Git Product home page Git Product logo

Comments (23)

rhishikeshj avatar rhishikeshj commented on July 24, 2024

@aphyr And what do you know, just as I went to run the tests again hoping to send you a stack trace, they worked ! 🍻 🙂
I will try running them again to see if there is some instability. Other than that if you see any obvious steps that I have missed, do let me know.
I ll paste the SSH related exceptions here as soon as I encounter them :)

from mongodb.

rhishikeshj avatar rhishikeshj commented on July 24, 2024

Here are some issues I faced while getting this MongoDB jepsen suite running locally with docker. Information about the code that I am using

Jepsen : commit a2bcad59f0df5bd39cea1e61d9b64376c479df9c (HEAD -> main)
MongoDB : commit 83548bb8e054170ecc4b8fda70390e40fcca5e30 (origin/master, origin/HEAD)

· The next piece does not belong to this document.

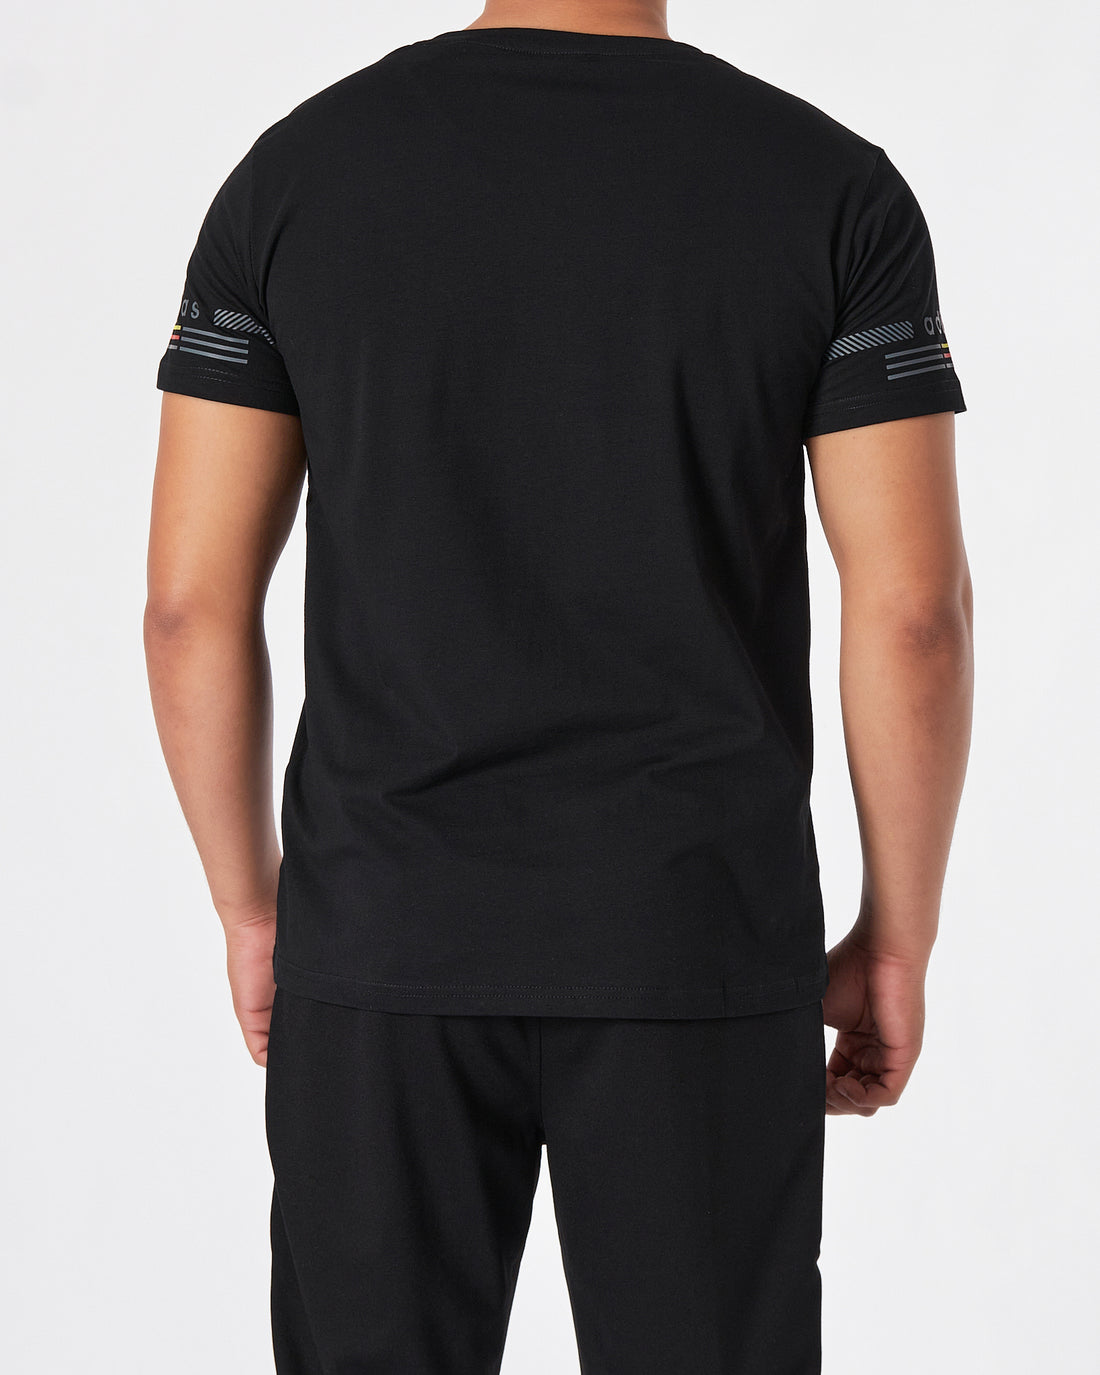 ADI Logo Printed Men Black T-Shirt 14.90

Initially I had an issue of not enough nodes (by default Jepsen starts 5 nodes in docker) as evident by this function jepsen.mongodb.db/shard-node-plan I fixed that by adding 2 more nodes.
Then I hit another roadblock, while installing mongoDB on each node, it error'd out saying that a required dependency can't be found, specifically libcurl3 So apparently, libcurl4 and libcurl3 don't work well together and in-spite of efforts I wasn't able to get libcurl3 and mongo running. So I changed the way Jepsen was installing MongoDB and followed the official documentation that installs Mongo 4.2. That worked.
But now I am still unable to run the tests as every time there seems to be some SSH related exception saying the control node cant reach the DB nodes.

I changed the installation instructions for MongoDB since the default instructions in setup! were error'ing out due to a libcurl3 dependency. Instructions that I have coded into setup! instead

(defn install!
  [test]
  "Installs MongoDB on the current node."
  (c/su
   (c/exec :mkdir :-p "/tmp/jepsen")
   (let [version (:version test)
         m-version (str/join "." (butlast (str/split "4.2.10" #"\.")))
         versioner #(keyword (str "mongodb-" %1 "=" version))]
     (c/exec :dpkg :--configure :-a)
     (c/exec :apt :-y :--fix-broken :install)
     ()
     (c/exec :apt-get :install :gnupg)
     (c/exec :wget :-qO :-
             (str "https://www.mongodb.org/static/pgp/server-" m-version ".asc")
             :| :apt-key :add :-)
     (c/exec :echo (str "deb [ arch=amd64,arm64 ] https://repo.mongodb.org/apt/ubuntu bionic/mongodb-org/" m-version " multiverse") :| :tee (str "/etc/apt/sources.list.d/mongodb-org-" m-version ".list"))
     (c/exec :apt-get :update)
     (c/exec :apt-get :install :-y
             (versioner "org")
             (versioner "org-server")
             (versioner "org-shell")
             (versioner "org-mongos"))
     (c/exec :systemctl :daemon-reload))))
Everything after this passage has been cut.